What the task requires: Restate every line of the data word for word, except for the images.

Data extract:
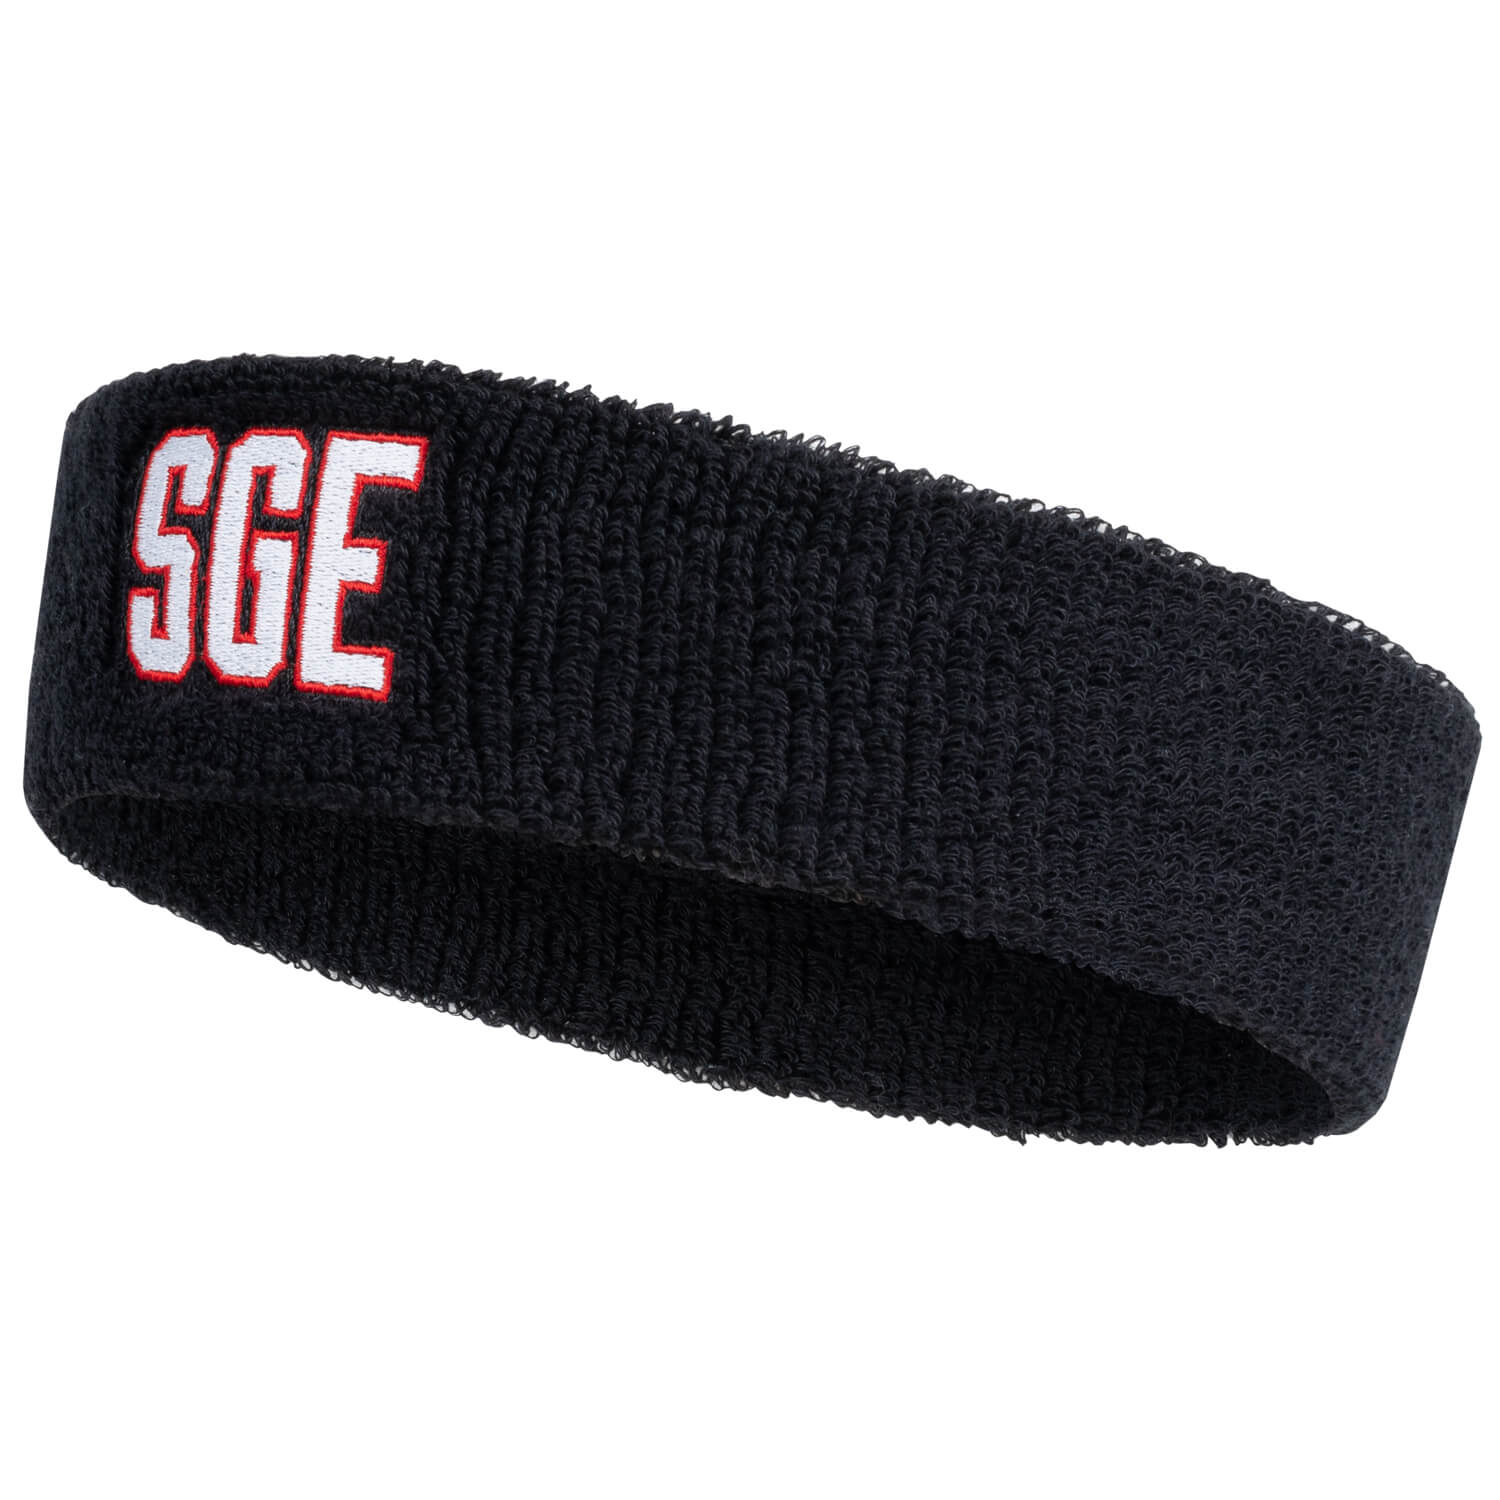 Bild 1: Headband SGE 99
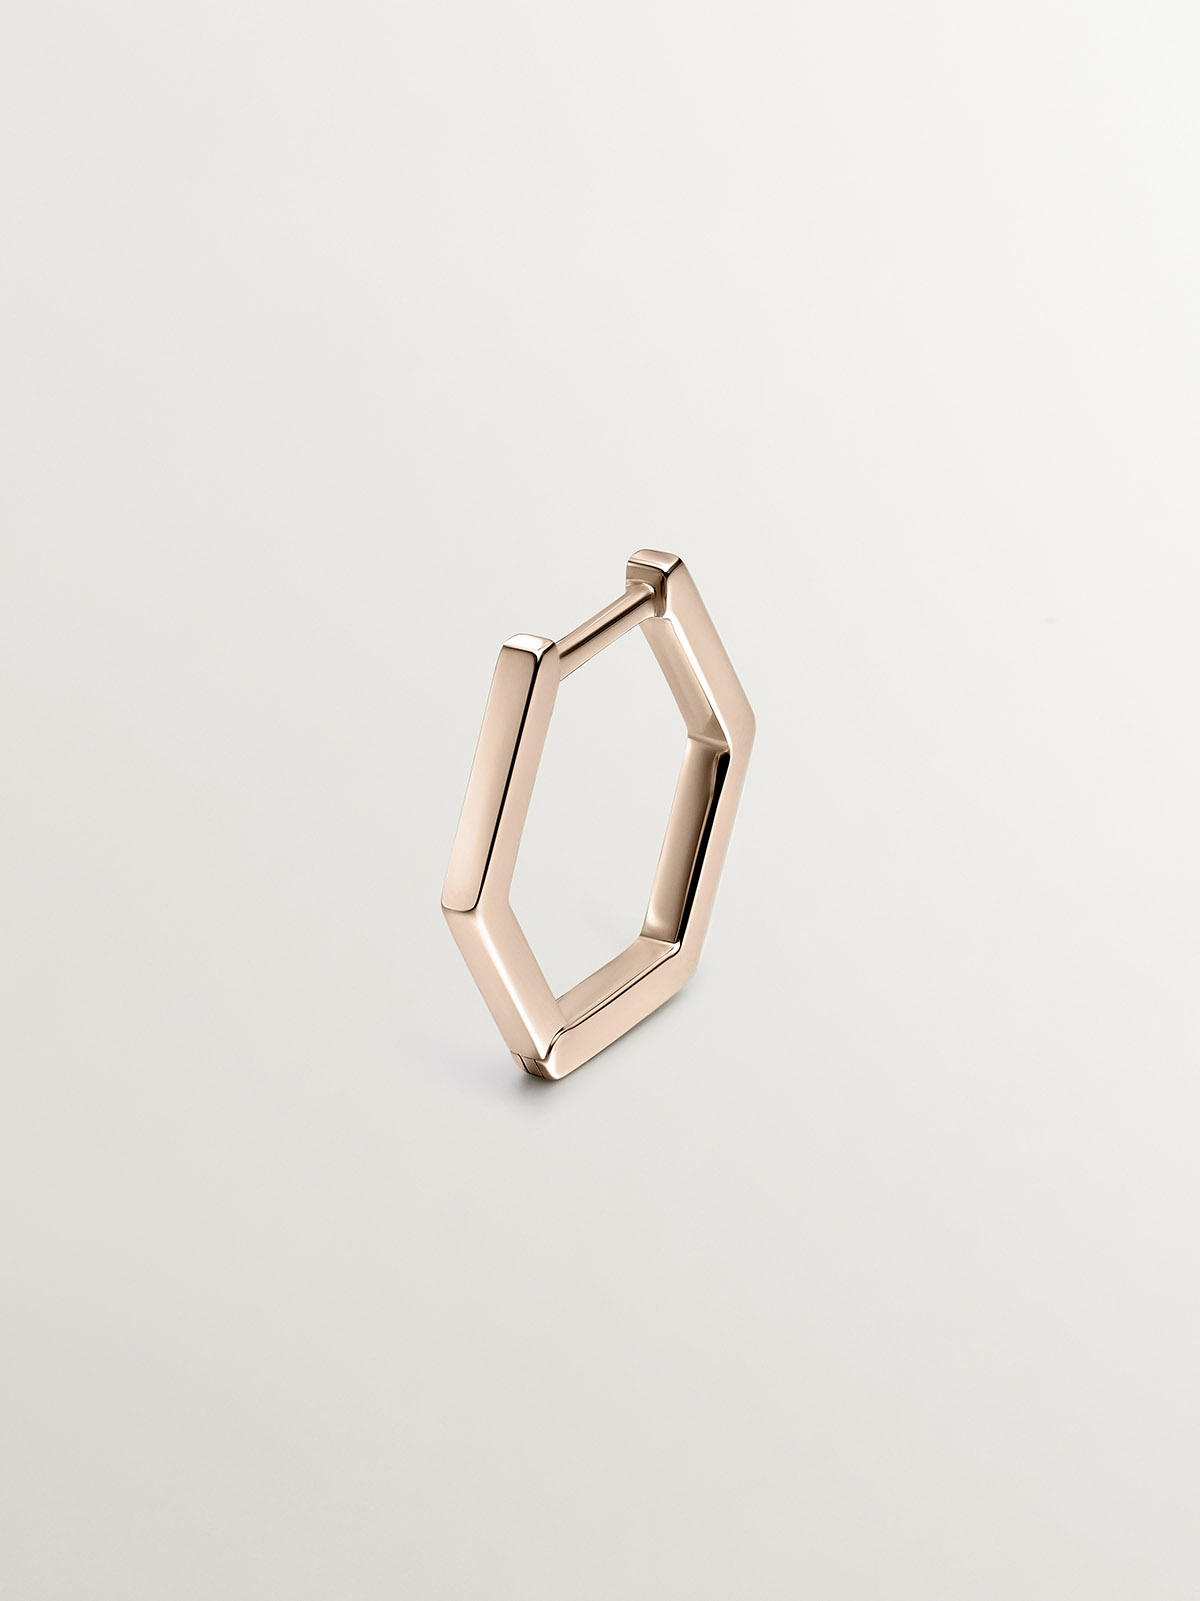 Individual 9K rose gold hoop earring with hexagonal shape.
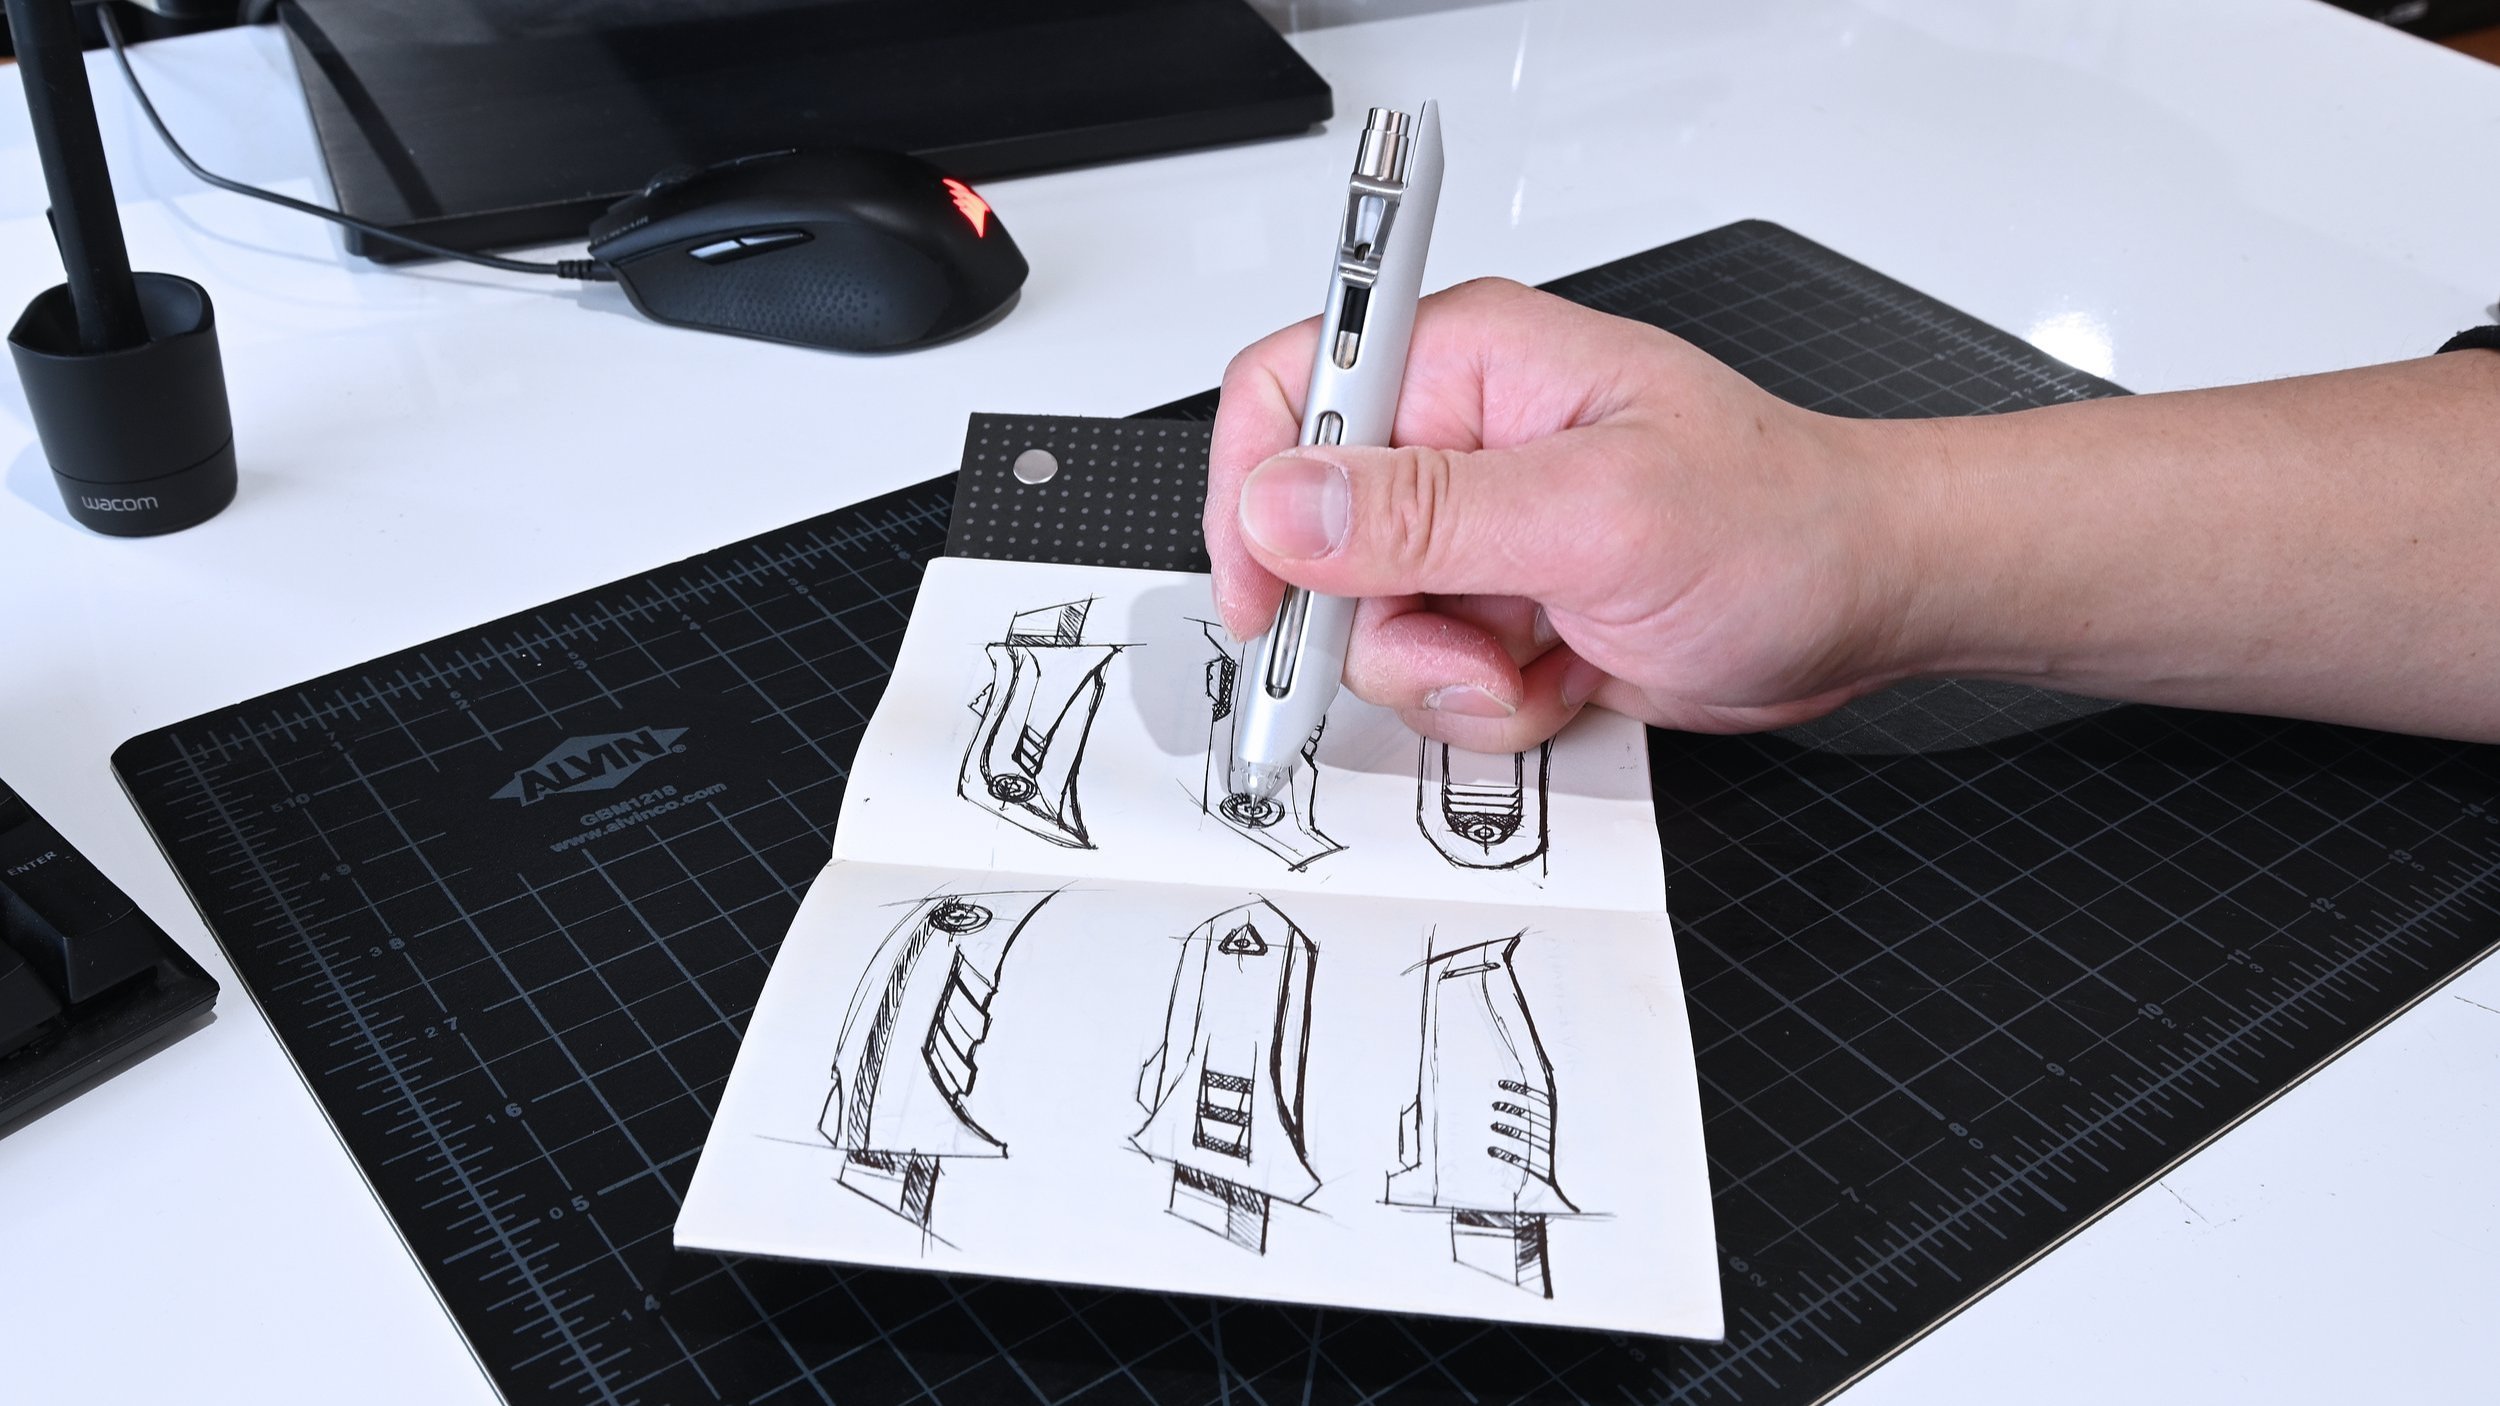 Engraved Leatherette Pen – Like No Otter Design Co

Response:
 Bild 1: Headband SGE 99
 Individual 9K rose gold hoop earring with hexagonal shape.
 Engraved Leatherette Pen – Like No Otter Design Co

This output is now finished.